As soon as US President Donald Trump took office in January 2025, his administration pulled the plug on over $268m of funding to the US Agency for International Development (USAID). Besides immediately cutting off aid to mostly all US foreign assistance, including gutting $1.4bn in assistance to its biggest recipient Ukraine and leaving a vacuum in global health, food security, and disaster relief efforts in the Global South, the shuttering of USAID sent shockwaves through US imperialist-funded media outlets worldwide.
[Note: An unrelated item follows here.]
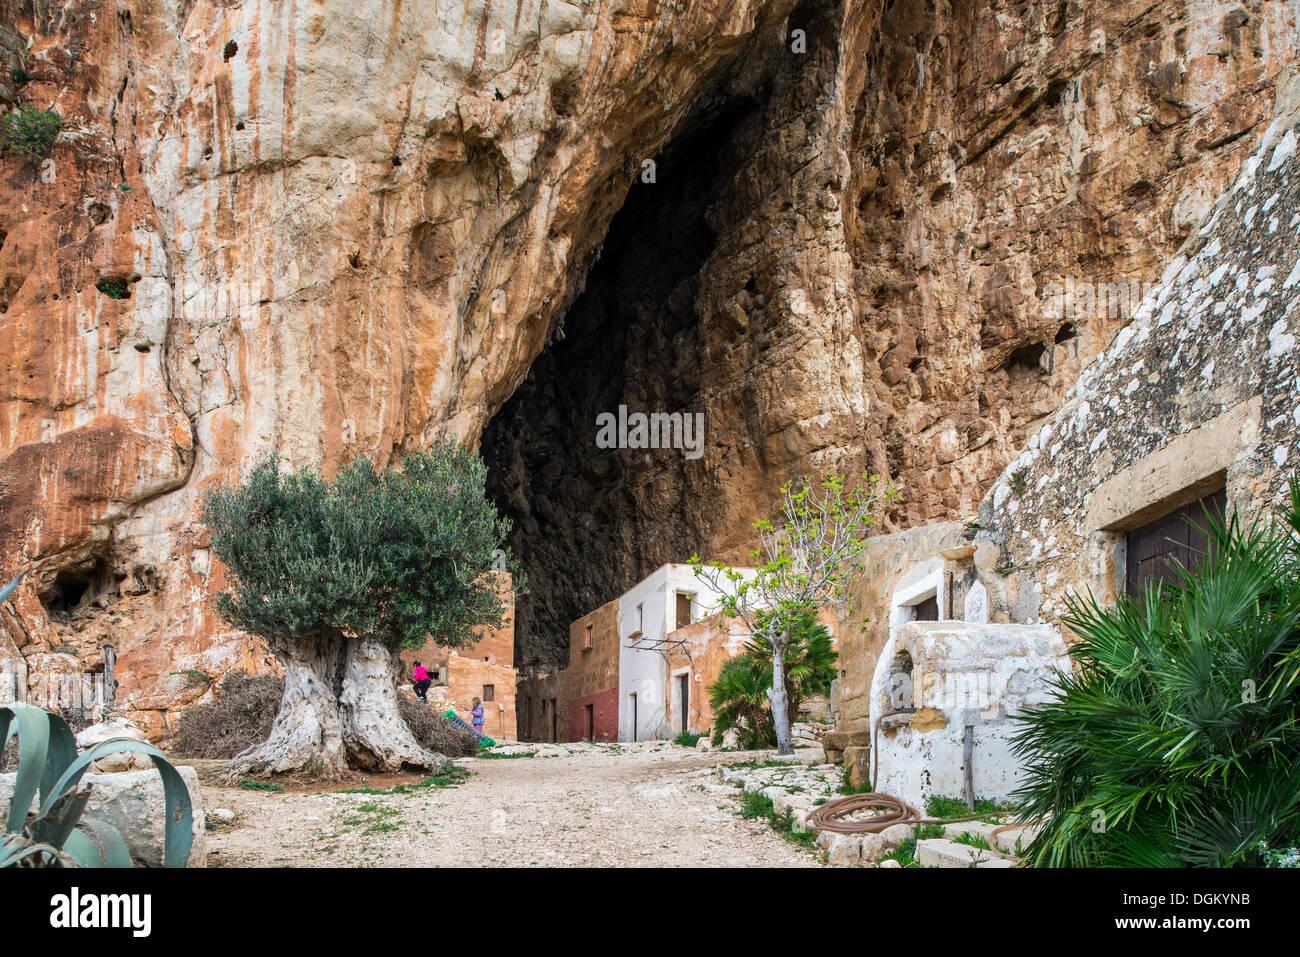 Edifici storici presso la Grotta Mangiapane, ora un museo village, Custonaci, Provinz Trapani, Nordwest-Küste von Sizilien Immagini Stock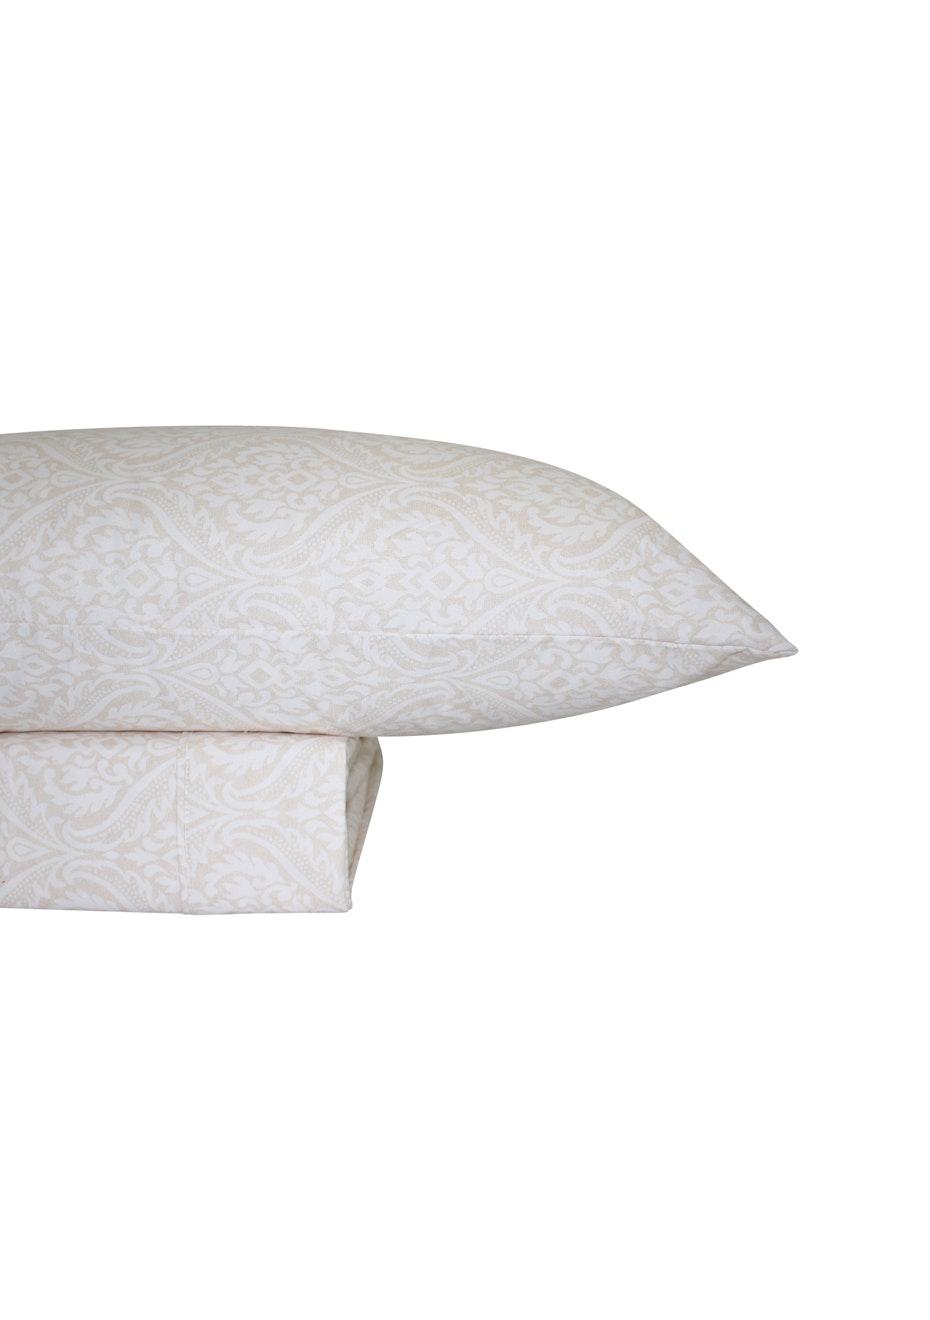 Thermal Flannel Sheet Sets - Haven Design - Sand - Single Bed

USAID’s purpose has always been to extend the reach of US imperialism. Created by President John F Kennedy’s administration in 1961, it began as a Cold War ‘soft’ weapon aimed at suppressing the spread of communism. Since then, it has continued to suppress radical movements and manufacture consent for imperialism under the pretext of spreading democracy.
For decades, USAID has funded a sprawling global network of pro-imperialist media under the guise of supporting ‘independent media and the free flow of information’. In 2023 alone, it backed 6,200 journalists, 707 media outlets, and 279 NGOs. These media arms function as the ideological wing of US imperialism abroad, manufacturing consent through local voices and destabilising governments that defy Washington. The reaction to the funding freeze unmasked the truth: these outlets are not independent, they are state-funded proxies serving US interests.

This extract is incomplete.